Many worry that another menace is that the booms in private equity and shadow banking known as private credit are brewing crises. Private-asset managers tend to borrow to buy assets. If higher rates torpedo any of these firms, the global financial system might shake. Private credit is generally extended to borrowers that banks shun. A burst of defaults could trouble these non-bank lenders with wider consequences.

It’s hard to reconcile such risks with surging global share markets and the S&P 500 Index close to a record high. But here we are at the start of what’s shaping to be a turbulent year.

To be sure, some investment risks for 2024 have already dissipated and so could many of these risks. The biggest relief so far is that US Congressional leaders have agreed on a US$1.6 trillion level for Washington’s spending for 2024, a bipartisan effort that is expected to avert a government shutdown.

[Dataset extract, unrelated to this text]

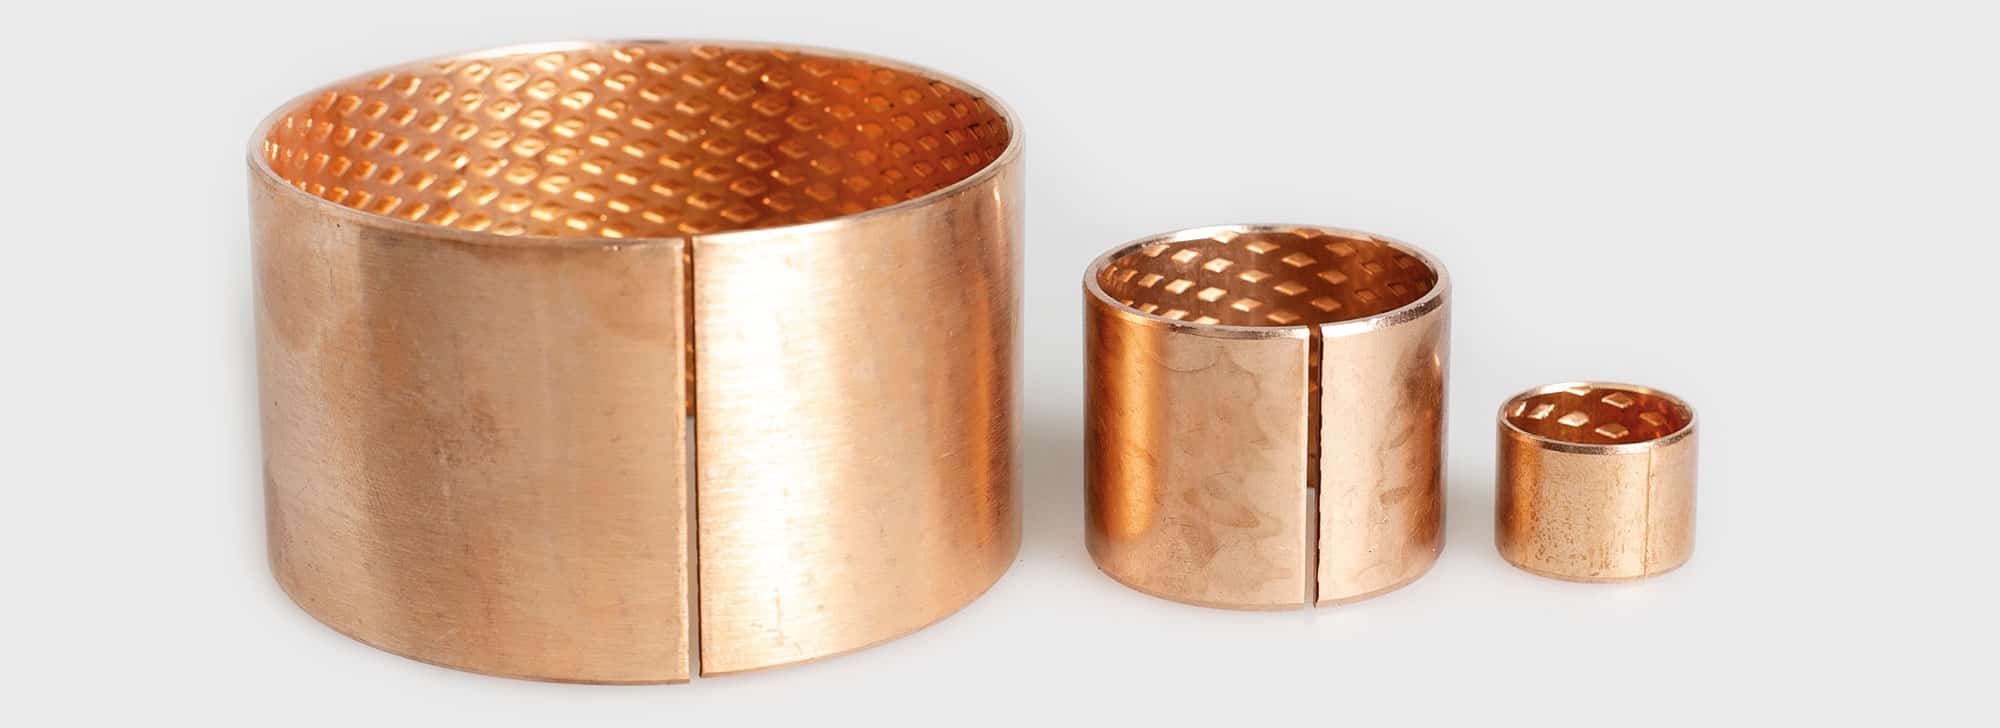 Applications of Wrapped Bronze Bushings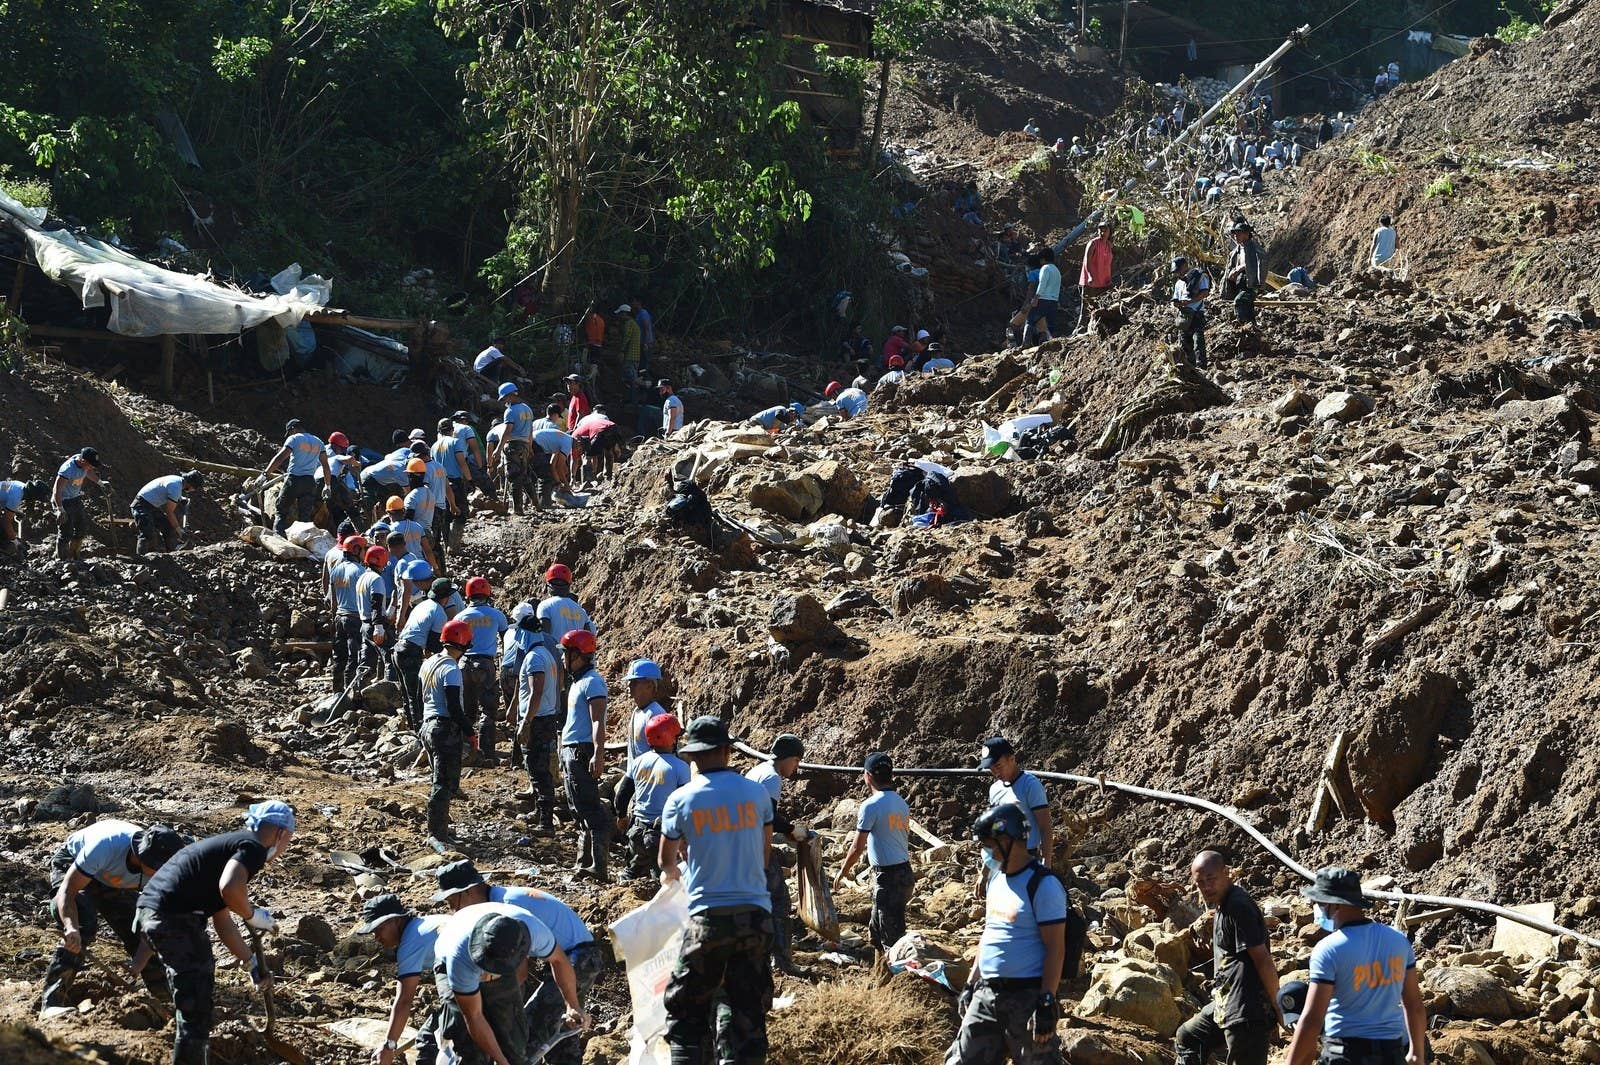 Rescuers dig at a landslide site where dozens of residents are believed to have been buried during heavy rains at the height of Typhoon Mangkhut in Itogon, Benguet province, the Philippines, on Sept. 18.

But that deal’s not finalised and there’s plenty more to worry than the risks discussed here. These threats include Ukraine-war reverberations, a German recession reigniting the eurozone crisis, a Chinese economic slump and a snapping of the warped co-dependency of stocks and interest rates (that overlooks economic conditions and political risks).

It will be interesting to see how credible Yellen’s declaration that the US economy has achieved a soft landing looks at year end. And to know what became of the asset rally fanned by such hopes.